Distributionally Robust Optimization under Distorted Expectations

Distributionally robust optimization (DRO) has arose as an important paradigm to address the issue of distributional ambiguity in decision optimization. In its standard form, DRO seeks an optimal solution against the worst-possible expected value evaluated based on a set of candidate distributions. In the case where a decision maker is not risk neutral, the most common scheme applied in DRO to capture one's risk attitude is employing an expected utility functional. In this paper, we propose to address a decision maker's risk attitude in DRO by following an alternative scheme known as ``dual expected utility''. In this scheme, a distortion function is applied to convert physical probabilities to subjective probabilities so that the resulting expectation, also known as distorted expectation, captures the decision maker's risk attitude. Unlike an expected utility functional which is linear in probability, in the dual scheme a distorted expectation is generally non-linear in probability. We distinguish DRO based on distorted expectations by terming it ``Distributionally Robust Risk Optimization'' (DRRO), and show that DRRO can be equally, if not more, tractable to solve than DRO based on utility functionals. Our tractability results hold for any distortion function, and hence our scheme provides more flexibility to capture more realistic forms of risk attitudes. These include, as an important example, the inverse S-shaped distortion functionals that play a prominent role in Cumulative Prospect Theory (CPT), and several other non-convex risk measures developed more recently.

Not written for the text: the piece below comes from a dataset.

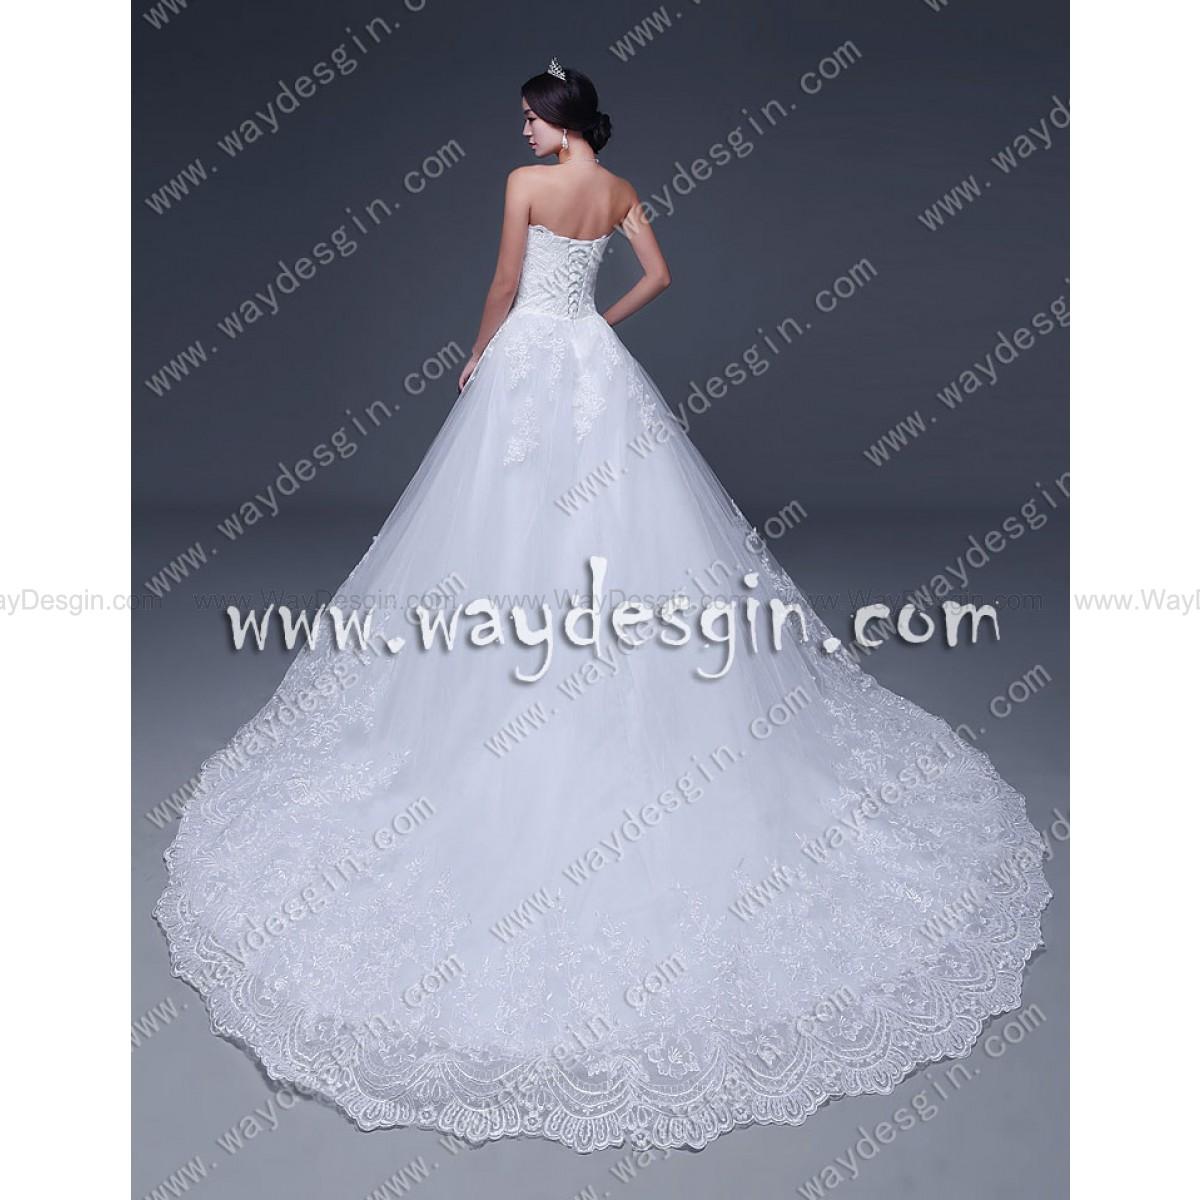 Elegant A-line Strapless Applique Court Train Sleeveless Wedding Dress

Central to our development is the characterization of worst-case distributions based on the notion of convex envelope, which enables us to discover ``hidden convexity" in DRRO. We demonstrate through a numerical example that a production manager who overly weights ``very good" and ``very bad" outcomes may act as if (s)he is risk-averse when taking into account distributional ambiguity. Worst-case distributions are presented that can provide further explanation of such risk-averse behaviour.